Bremmer described the greatest risk in Asia as broadly revolving around China’s rise. Rudd interjected to say this was a challenge, not a risk. It was left to Xinbo to reframe the debate by arguing that the so-called ‘risk’ to stability will be determined by how other countries react to China’s rise.
Discussion of what China’s ascent meant for the global order saw spirited exchanges. Bremmer declared that there are “no BRICs” only China, whose rise had “upset the global applecart”. He reasoned that as the post-World War II international order was created by the US and its western allies, China did not feel obliged to play by rules it did not set. This evoked an instructive response from Xinbo. It was true, he said, that China was not involved in establishing the present international order, but this did not mean it opposed it, especially as it had benefited from it. “China”, he explained, “doesn’t want to overthrow the order but to reform it”. To Bremmer’s call for China to become a “responsible stakeholder”, Xinbo’s response was sharp. “If you want China to be a stakeholder it has to be given more stakes” in the system.
From Habib Yahia came an interesting intervention. There were, he said, 50,000 Chinese experts in North Africa, “fully integrated” into local society, and who were appreciated by the people in the region for their role in building large infrastructure projects.
Other risks were also highlighted during this largely-attended session: shrinking natural resources and rise of resource nationalism, volatile weather, youth unemployment, growing tension between nationalism and globalism, and new technologies empowering a new generation but also making it anti-authority and contributing to a more volatile world. All the panellists agreed that geopolitical risks were outpacing the international community’s capacity to respond to them.

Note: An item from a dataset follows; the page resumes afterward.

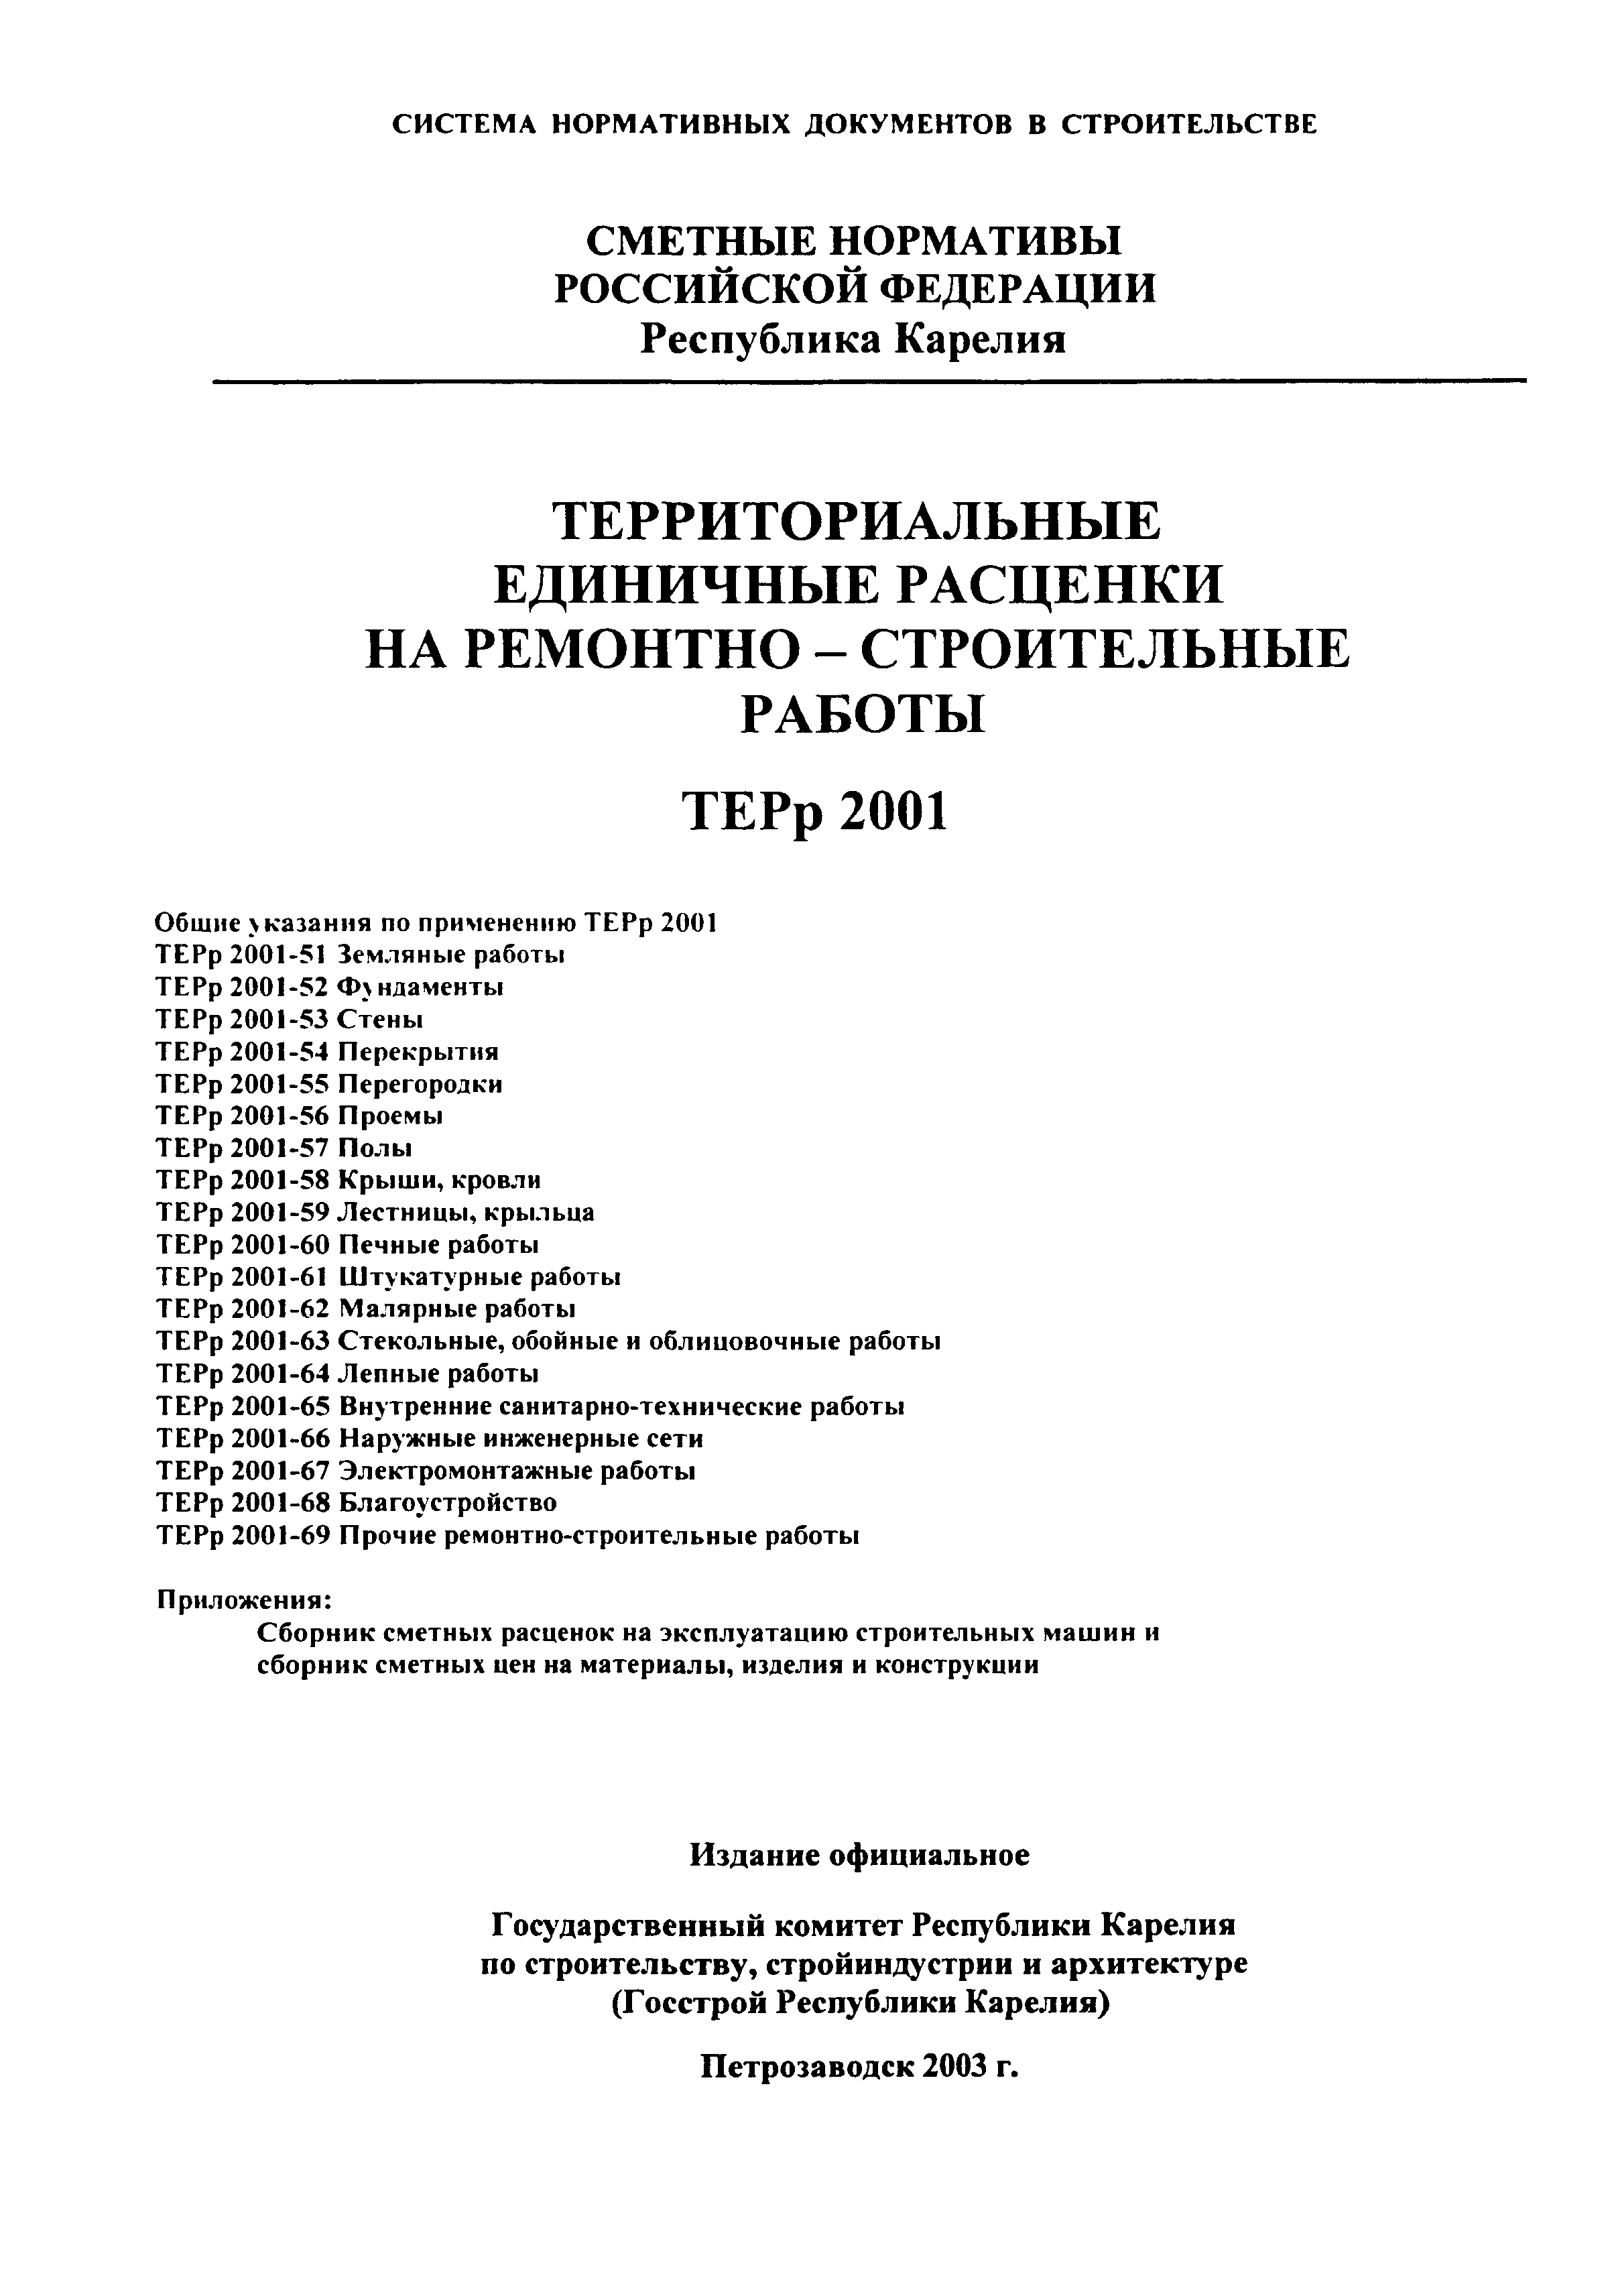 ТЕРр Республика Карелия 2001-68

The session on “Global Shifts and Regional Flashpoints’ was also insightful for identifying the challenges ahead. In sounding a warning of much consequence for our region, UN Under-Secretary General Valerie Amos referred to the danger of a flare up of a humanitarian crisis in Afghanistan as the Nato withdrawal gathered pace.
The statistics she cited about last year’s natural and man-made disasters made for a grim picture. There were, she said, 332 natural disasters in 2012, which claimed 30,000 lives and produced losses of over $366 billion, with Asia affected the most, followed by the Americas. Conflicts in the world increased by 20 percent, although most were within and not between states. They led to the forcible displacement of 42.5 million people worldwide.

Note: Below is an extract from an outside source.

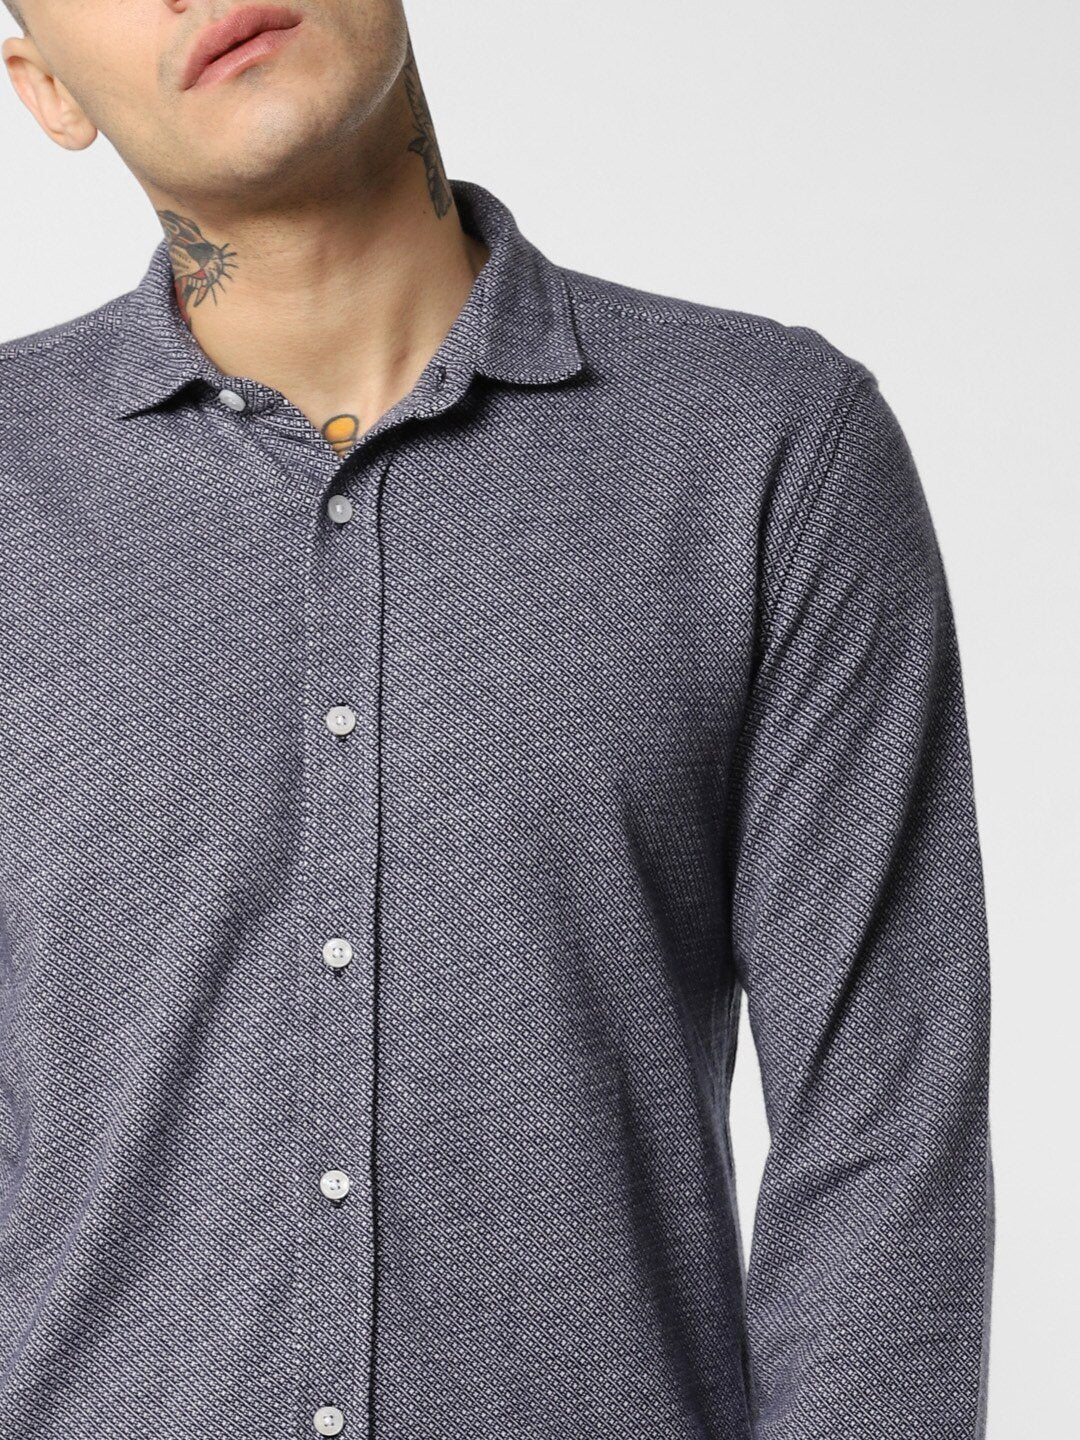 Men Navy Blue & White Slim Fit Self Design Casual Shirt-2080059002 - Discount Store

What about the outlook for the Arab spring countries? This also figured on the Dubai agenda with consensus forming around ‘the iron law of transitions’: Things get worse before they can improve. Political instability will continue in many countries, said several speakers. There was still no clear political road map and even less prospect of economic stability, especially with youth unemployment remaining an explosive problem.
The three-day conference, hosted by the UAE government, certainly lived up to its reputation of being the world’s foremost gathering of thinkers, academics, business and government leaders debating and seeking solutions to the world’s interconnected problems. No longer can these problems be addressed by individual states or governments alone without the involvement of the rest of society that the WEF advocates as a multi-stakeholder approach.